Internal controls consist of a system to performance measures that include checks and balances structure to help an organization manage its business in an efficient and orderly fashion. Internal controls protect an organizations resources and assets by preventing fraud, errors, and theft and ensuring complete, accurate, timely, and ethical accounting practices and financial reporting. Additionally internal controls support adherence to policies, procedures, and the values of the company. The framework for internal controls begins with the Sarbanes-Oxley Act of 2002 (SOX) and sets the required standards for financial reporting.

The Importance of Internal Control Programs

The importance of an internal control program is to meet the essential information for management decision-making.

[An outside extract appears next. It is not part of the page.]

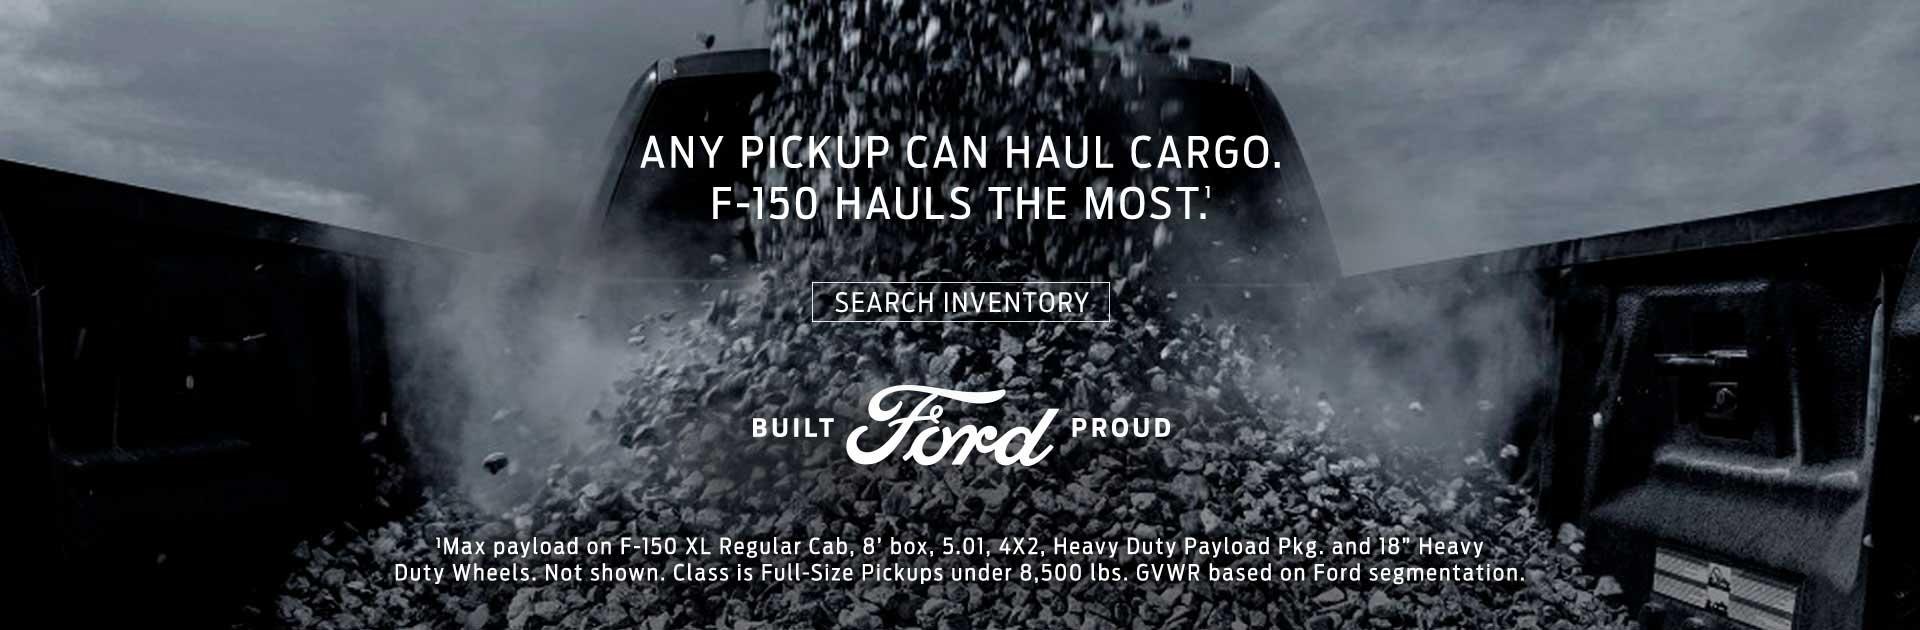 Ford Dealership In Denver Co Barbees Freeway Inc 2003 Jeep Wrangler Fuel Filter Location Shop Make Model

Standardized financial statements and other reports serve as guidelines for effective and proficient business operations, reliable financial reporting, and compliance to the laws set by the Securities and Exchange Commission (SEC).

Managing an organization effectively requires solid internal controls that include plans, processes, and procedures that will meet or exceed the company's goals and objectives and support performance management.

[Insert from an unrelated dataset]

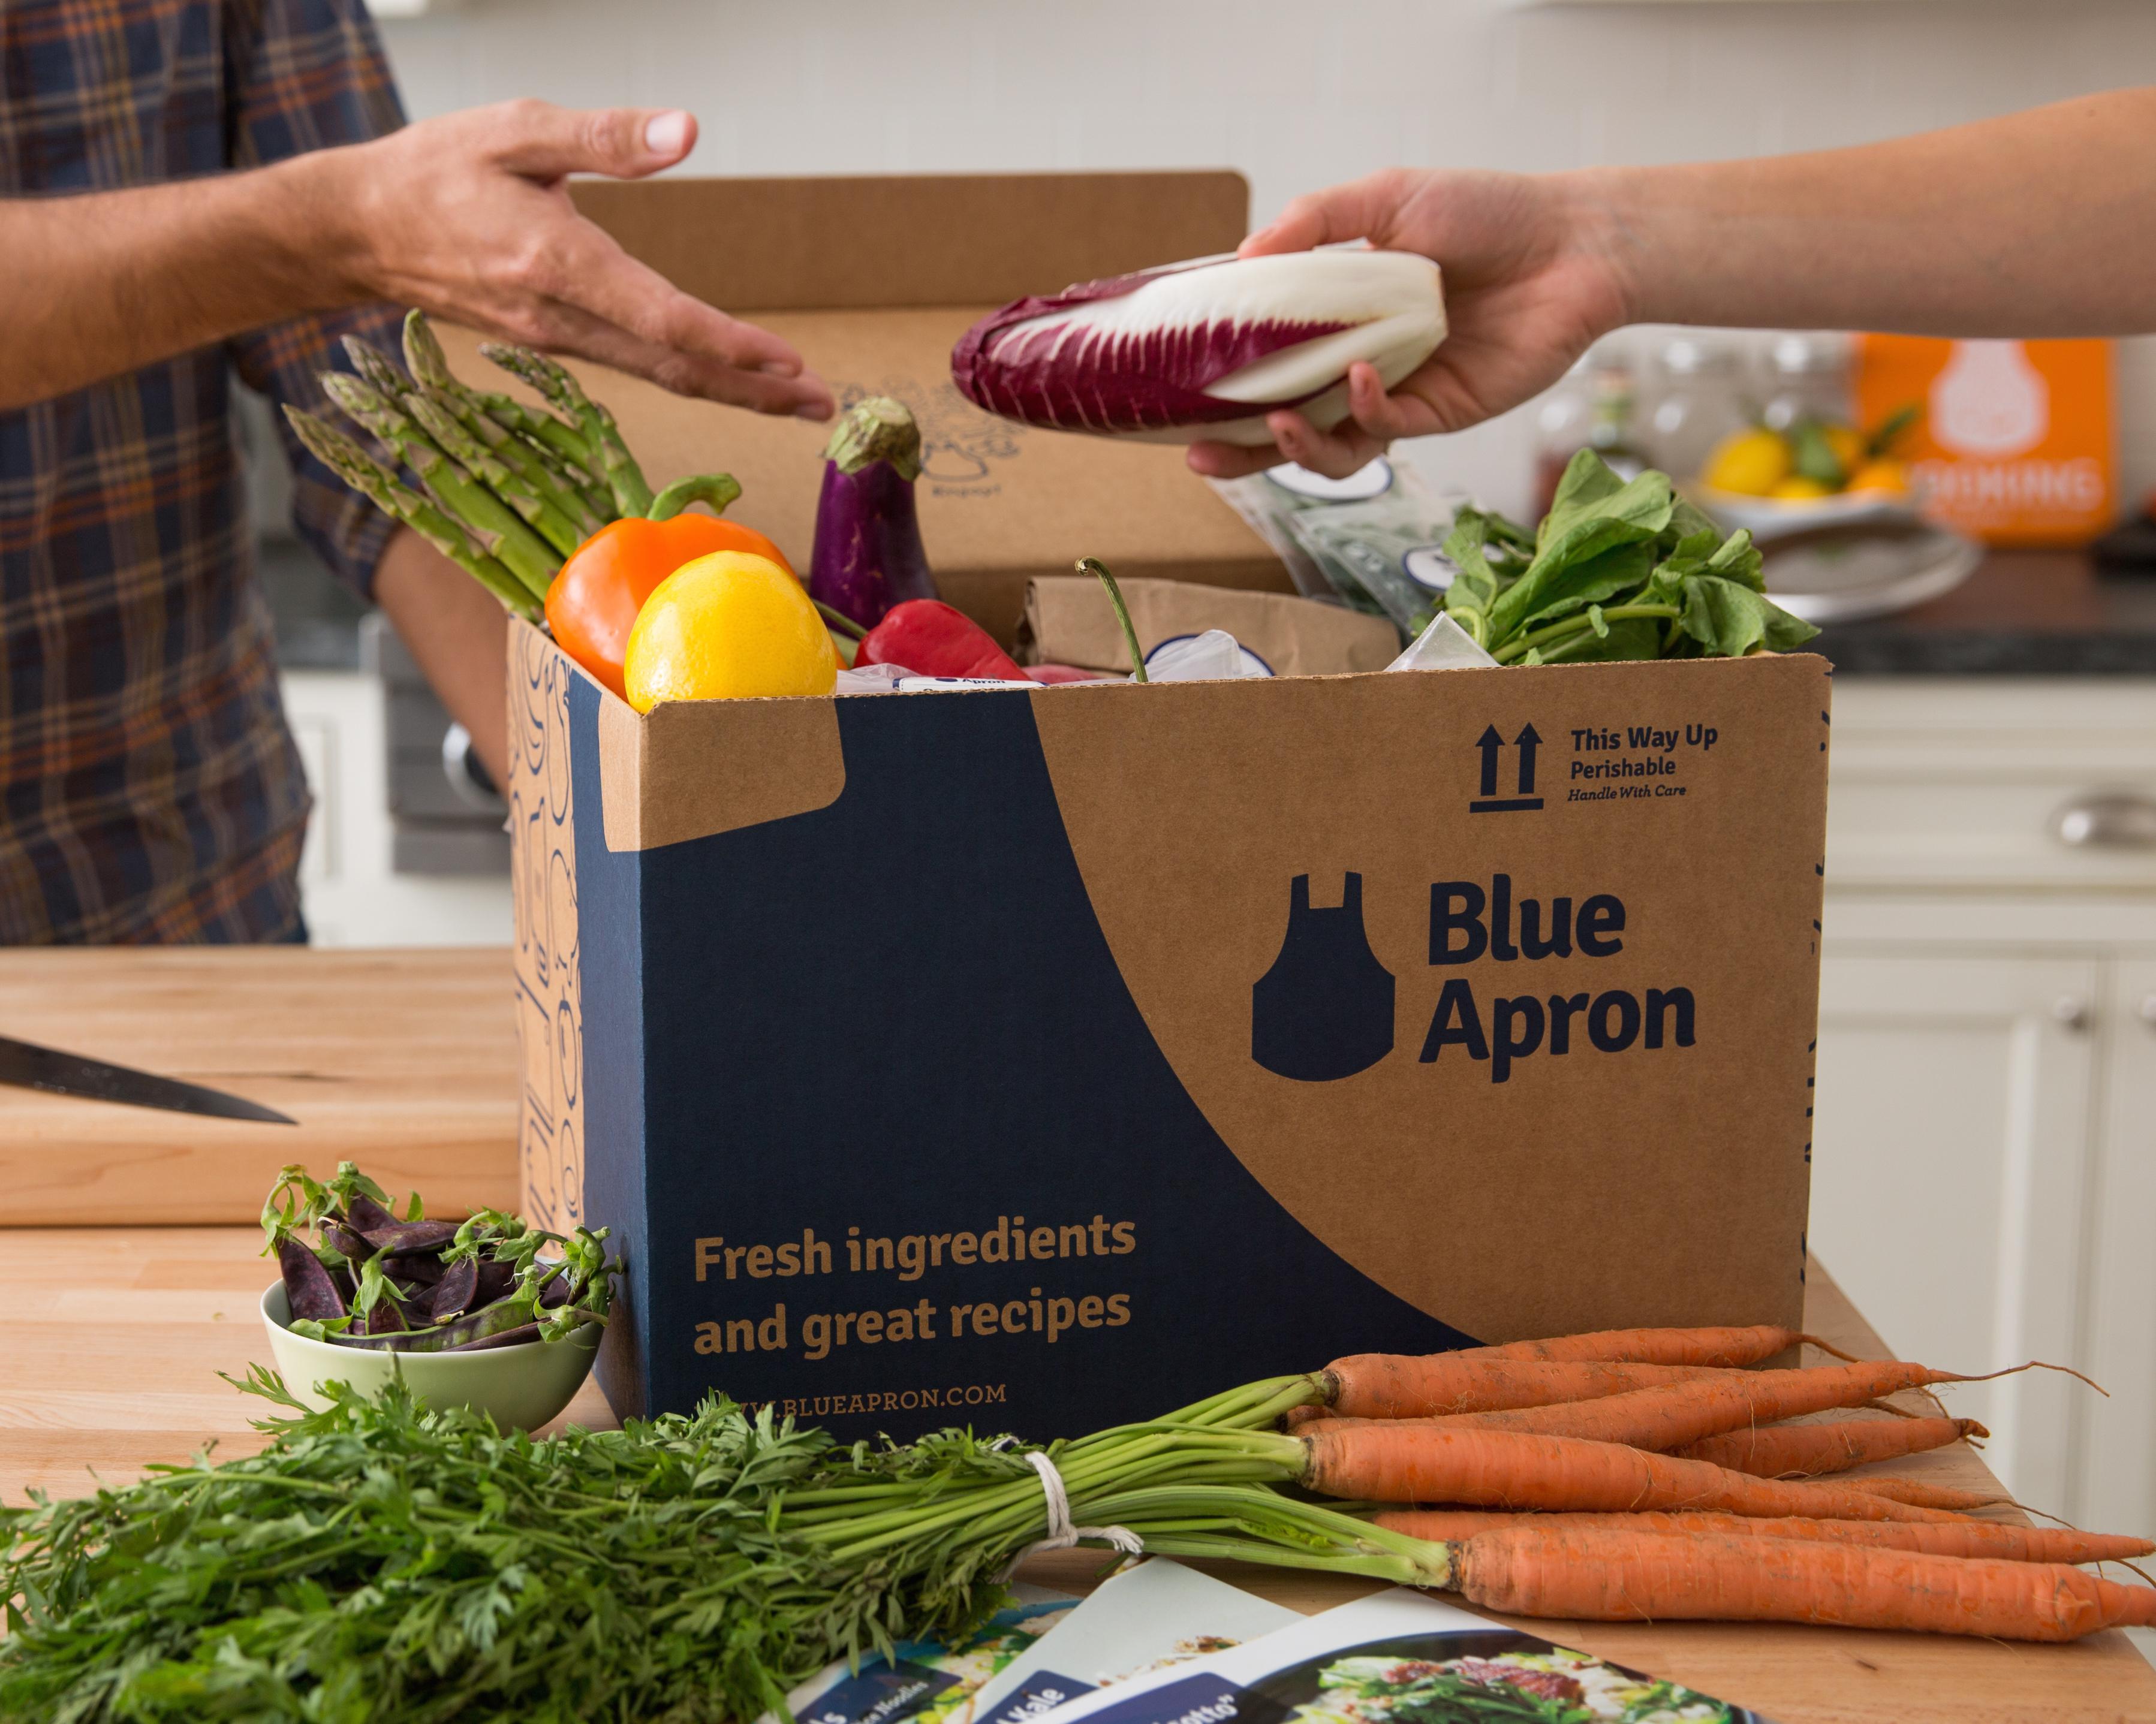 Blue apron quick pickles - Blue Apron Quick Pickles 46

Internal control programs serve to safeguard organizations assets, protect, and prevent fraud, and help company management achieve compliance with government regulations for accurate and reliable financial reporting. By providing a standard financial reporting framework and internal oversight employees, stockholders, and management clearly understand financial resource allocation and the methods of preparing financial report.

Safeguarding assets is an important objective of internal controls. The United States General Accounting Offices (GAO), (1999) state that "internal control is management control that is built into the entity as a part of its infrastructure to help managers run the entity and achieve their aims on an ongoing basis" (p. 5). Additionally internal controls provide a standard by which an organization monitors the use, disposition, and possible hostile acquisition of its assets. Internal controls improve accountability by management, identify performance issues such as areas of waste, fraud, mismanagement, and abuse and help an organization operate in using the most ethical and legal practices.

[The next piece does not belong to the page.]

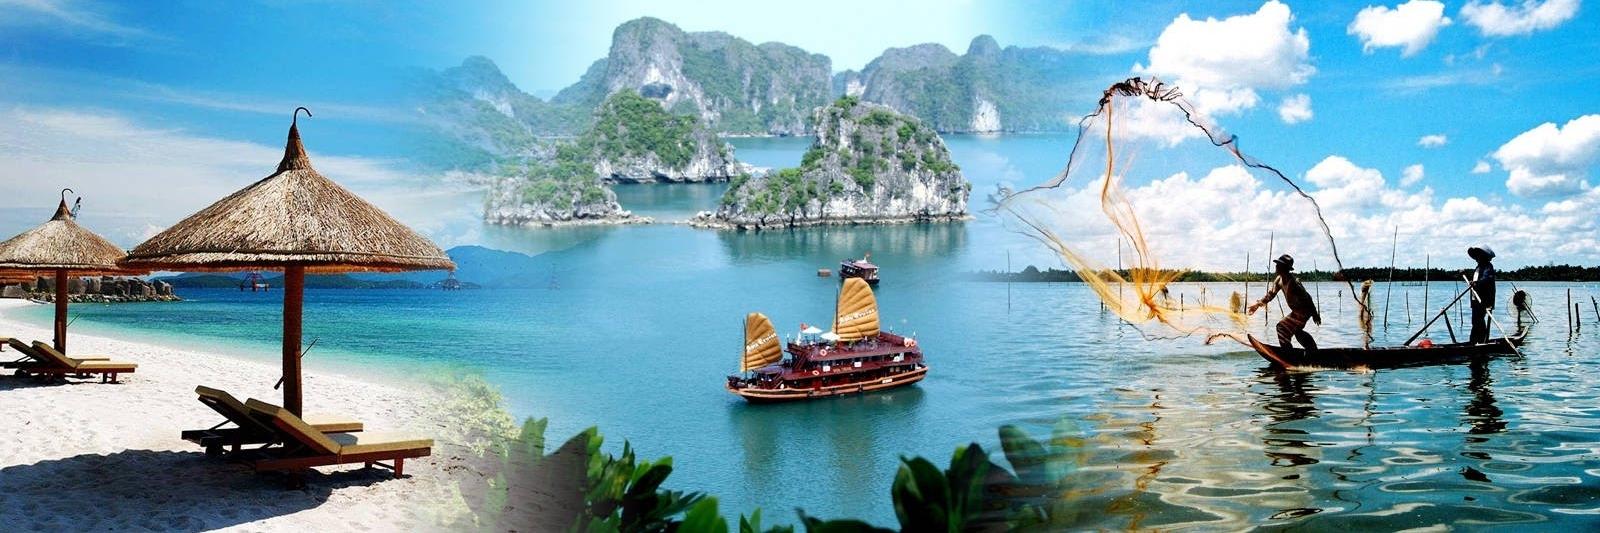 https://gody.vn/blog/nhu.bach7672/post/du-lich-viet-nam-nhung-diem-den-khong-the-bo-qua-trong-nam-2019-1969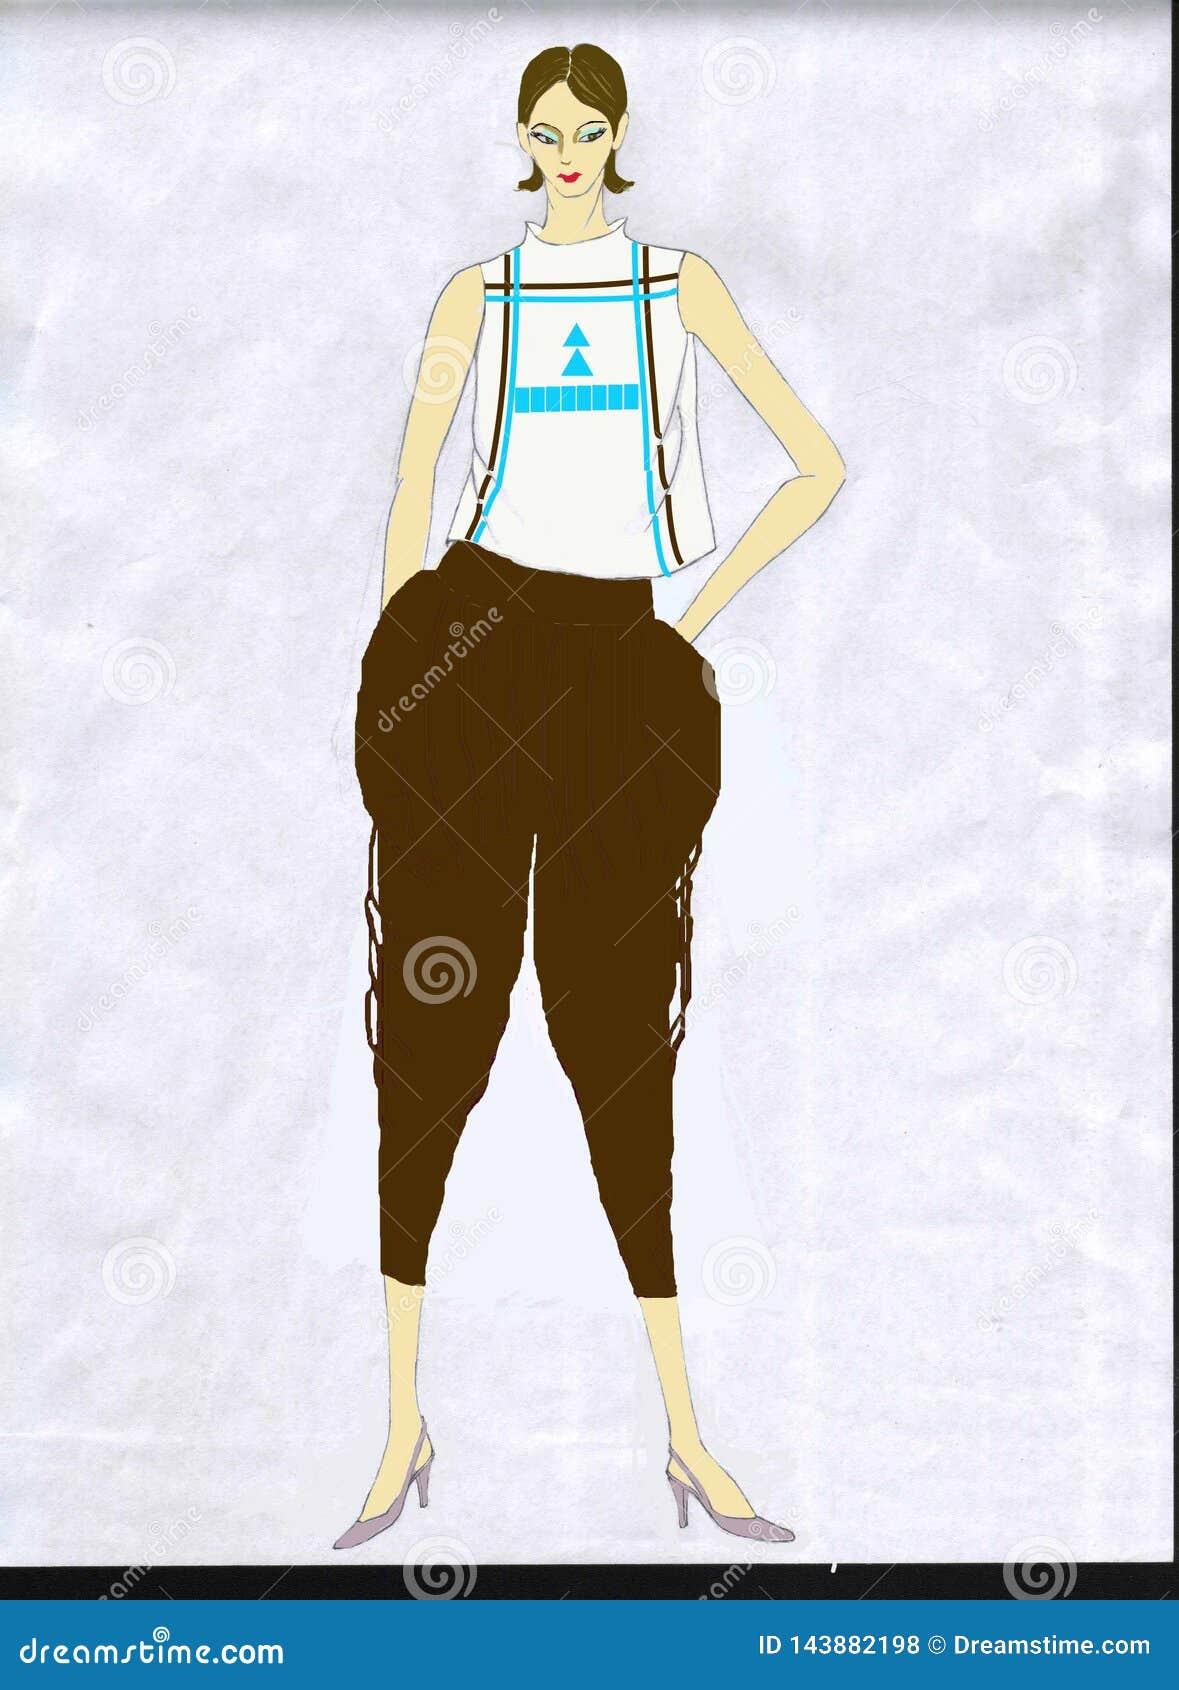 Modedesign - förbättrade kinesiska kläder - tillfälliga kläder

Effective Internal Control Techniques

Implementing effective internal control techniques is the responsibility of management. Managers develop policies, practices, and procedures to fit the organizations operations and its culture that become part of daily business operations.

One effective internal control technique is creating a positive environment for employees to follow and a culture of discipline to adhere to these standards. Management and staff must demonstrate "leadership in this area, especially in setting and maintaining the organization's ethical tone, providing guidance for proper behavior, removing temptations for unethical behavior, and providing discipline when appropriate" (The United States General Accounting Office, 1999, p. 8).

Another technique of internal control is creating competencies through training programs. Training programs help employees receive the appropriate knowledge and skills to perform job duties and accomplish objectives. Training mitigates the risk of poor performance, deviation from policies, and procedures and helps to instill an attitude of accountability and pride for workers.

A strong organizational structure is also a form of an internal control. Employees understanding of the management hierarchy clarify the lines of control and responsibility, reporting, and communication, and help delineate operating activities and protocols. Establishing appropriate hiring, orientation, training, and evaluation, promotion, compensation, and discipline practices provides an environment of proper supervision.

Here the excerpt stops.